Local Government and Legislative Prayer: Can They Pray or Not?
In Virginia, Ms. Hudson asked for a permanent injunction because the Board consistently opened each of its meetings with a Christian prayer, which offended her and made her feel like an outsider. As a side note, more relevant to the personal than the legal conflict, Ms. Hudson has repeatedly criticized and opposed the Board on many issues. The court first concluded she had standing to bring her grievance. The court then considered the prayer issue and pointed out that specifically sectarian prayers (such as always praying in Jesus’ name), that advance a particular religious faith, are an Establishment Clause violation. The court did not say the Board could not use prayers, but that it could not repeatedly open its meetings with prayers associated with any one religion.

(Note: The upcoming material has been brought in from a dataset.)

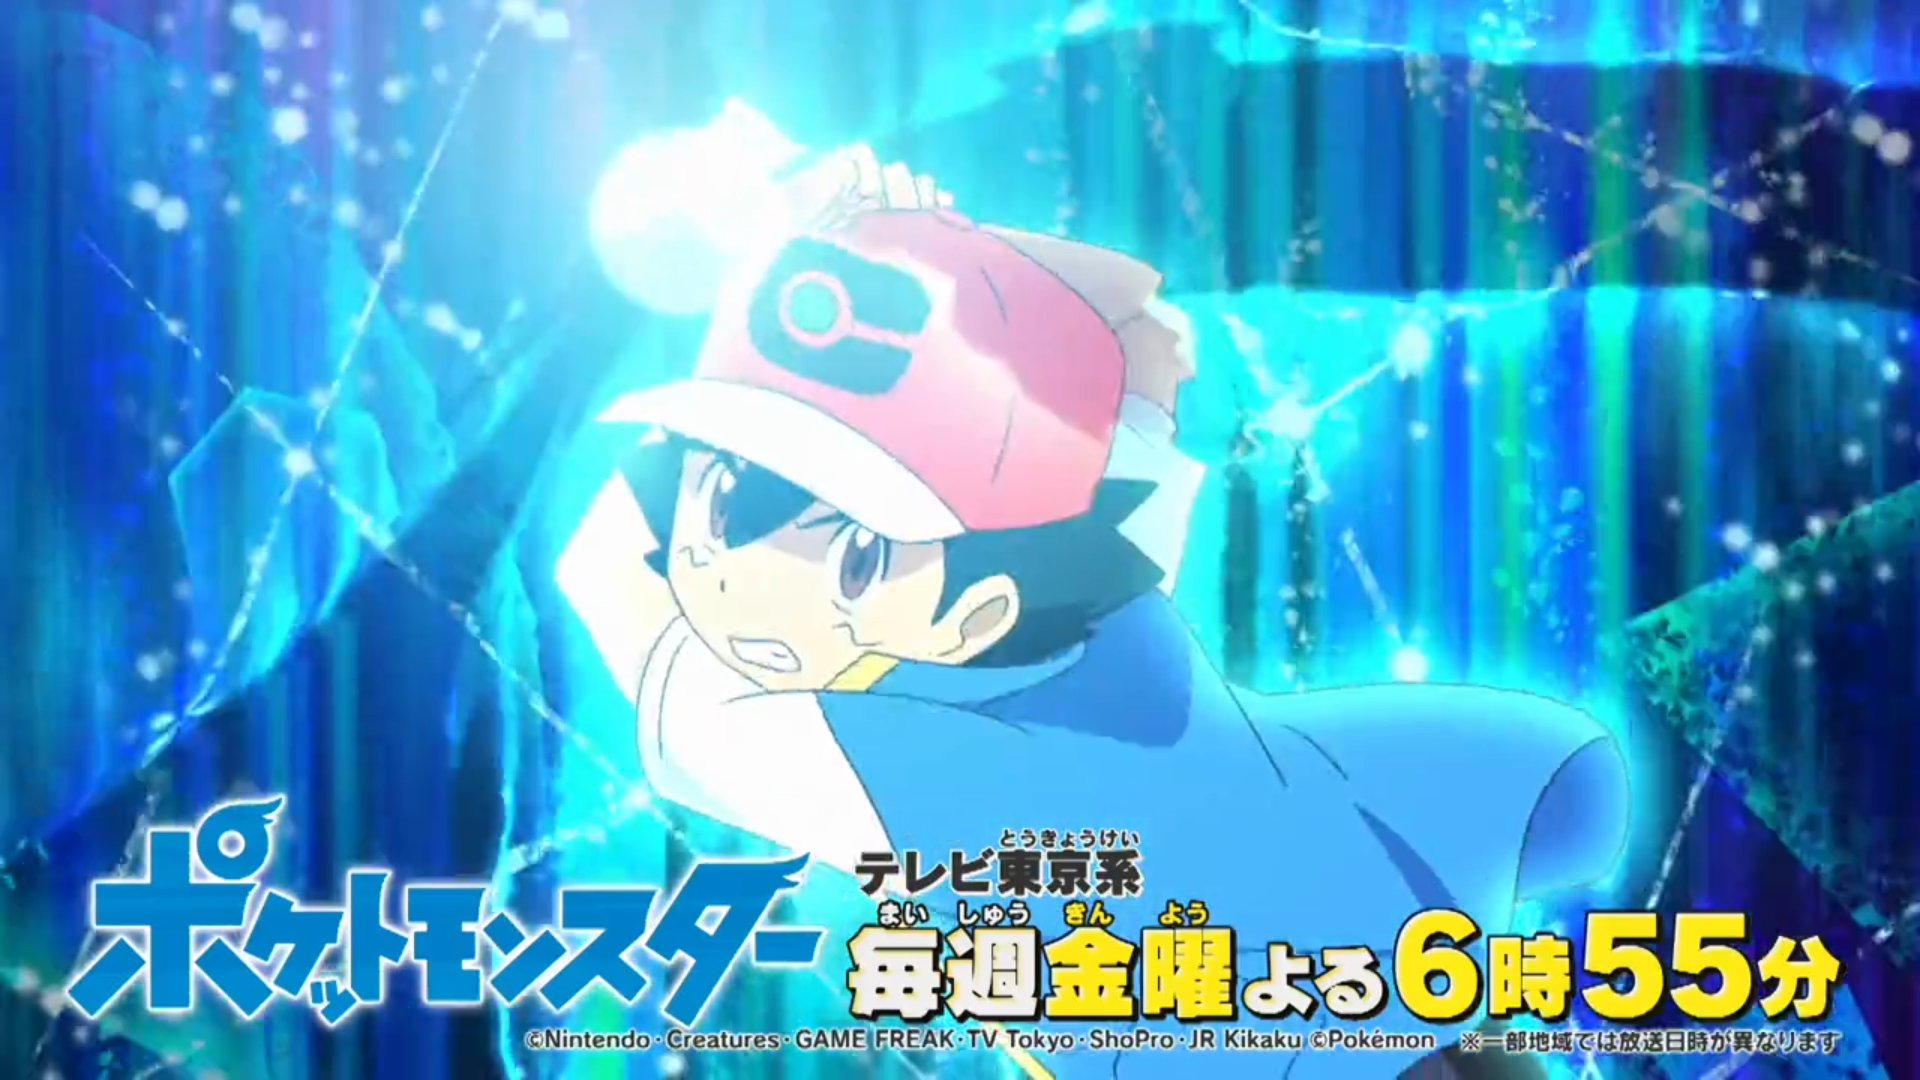 What do you think of Ash's Aura powers? Is it good or bad that he has it?

In Lakeland, the Atheists of Florida originally objected to the Protestant nature of the prayers, and in Jesus’ name. The City responded by considerably broadening its list of potential speakers, to include other religions and many denominations. They were still mostly Christian (reflecting the existing religious organizations). AOF then filed the lawsuit. The City passed a formal resolution defining its legislative prayers. The resolution included points like use of a general database, having no members of the City Commission pray, and not having the prayer be on the official agenda. The Eleventh Circuit agreed that: (1) the current prayers did not advance a single faith; (2) the selection process was broad; and (3) the nature of the prayers did not seem to intend to exploit the opportunity to proselytize. The Court found no Establishment Clause violation.

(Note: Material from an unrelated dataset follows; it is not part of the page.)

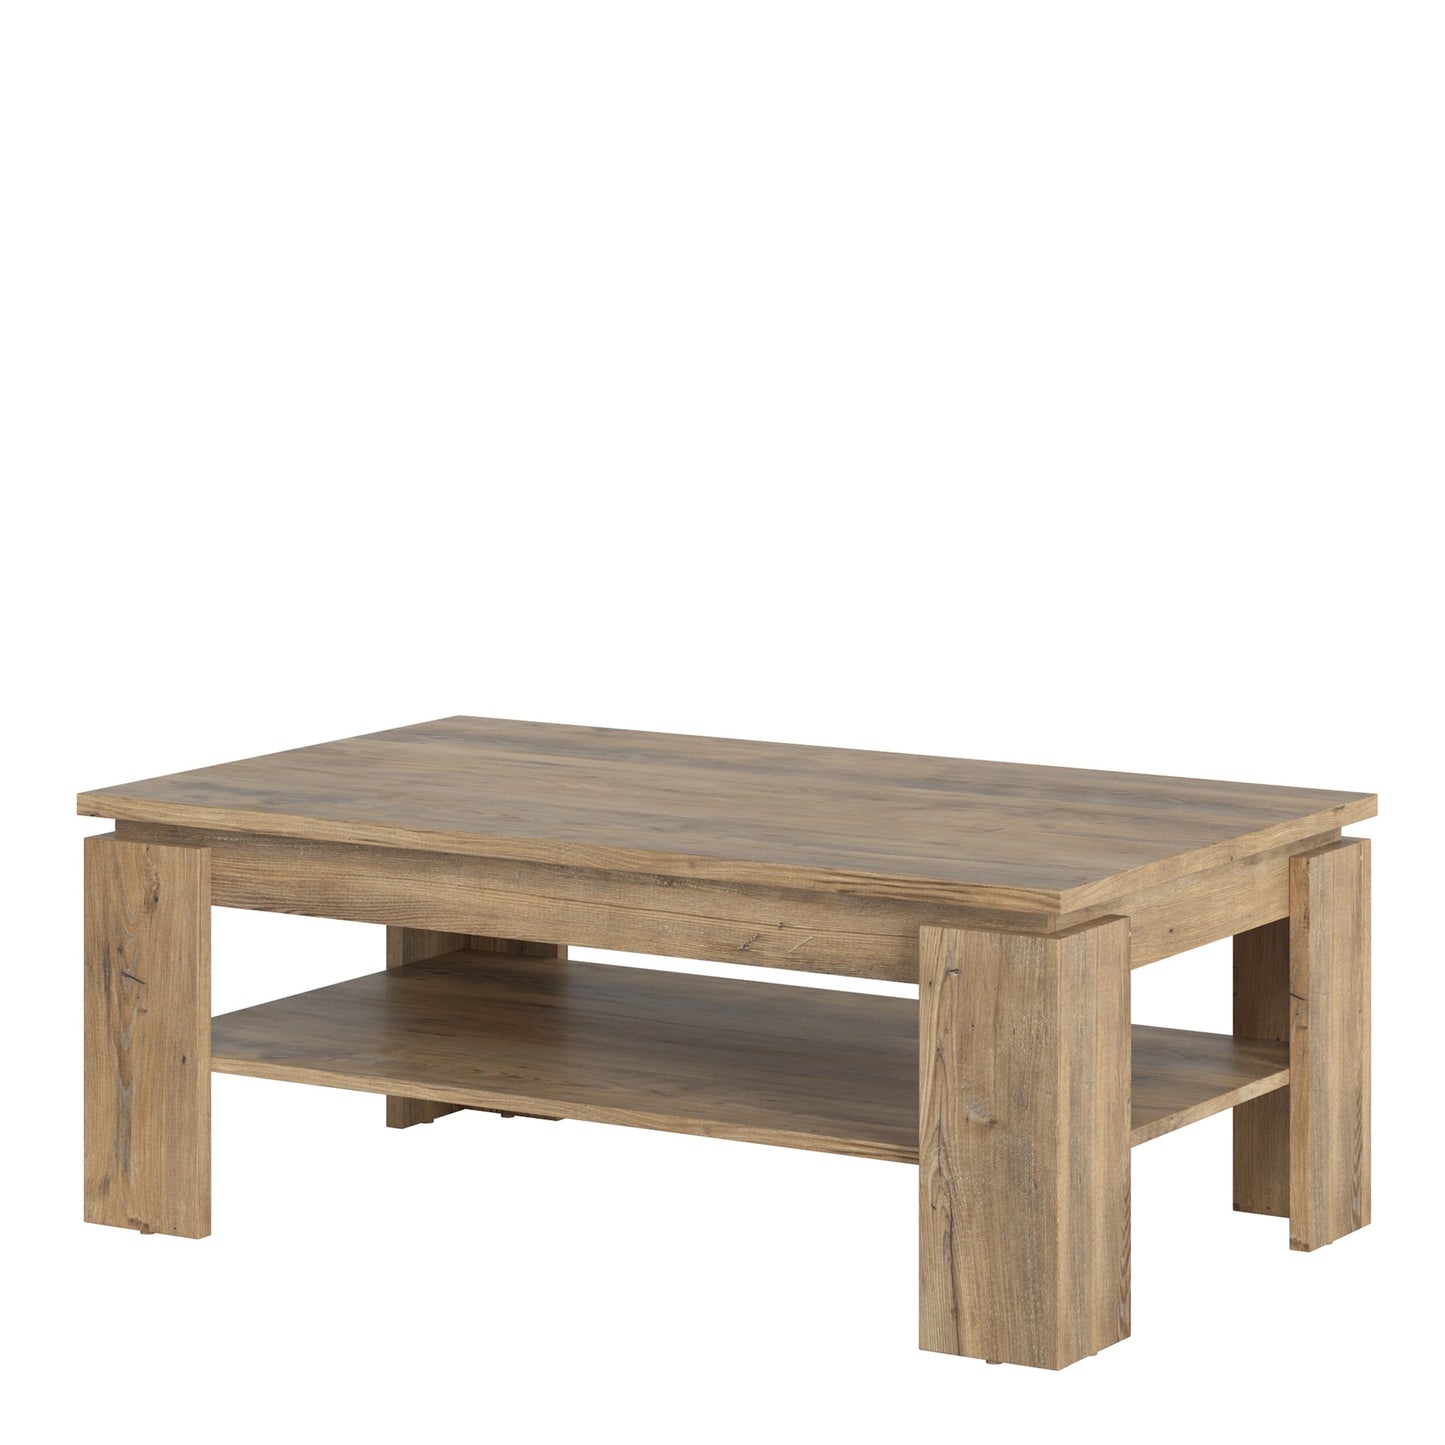 Furniture To Go Rapallo Large Coffee Table in Chestnut & Matera Grey

Between them, these cases and the courts’ discussion suggest some principles for invocational prayer. Such prayer is less likely to be a violation if it does not advance a particular faith or religion, is brought by a broad variety of potential speakers, and is not carried out by the members of the local government. On May 22, 2013, the U.S. Supreme Court agreed to hear a federal case challenging the constitutionality of opening prayers at the town council meetings in Greece, New York, so there should be further guidance before long.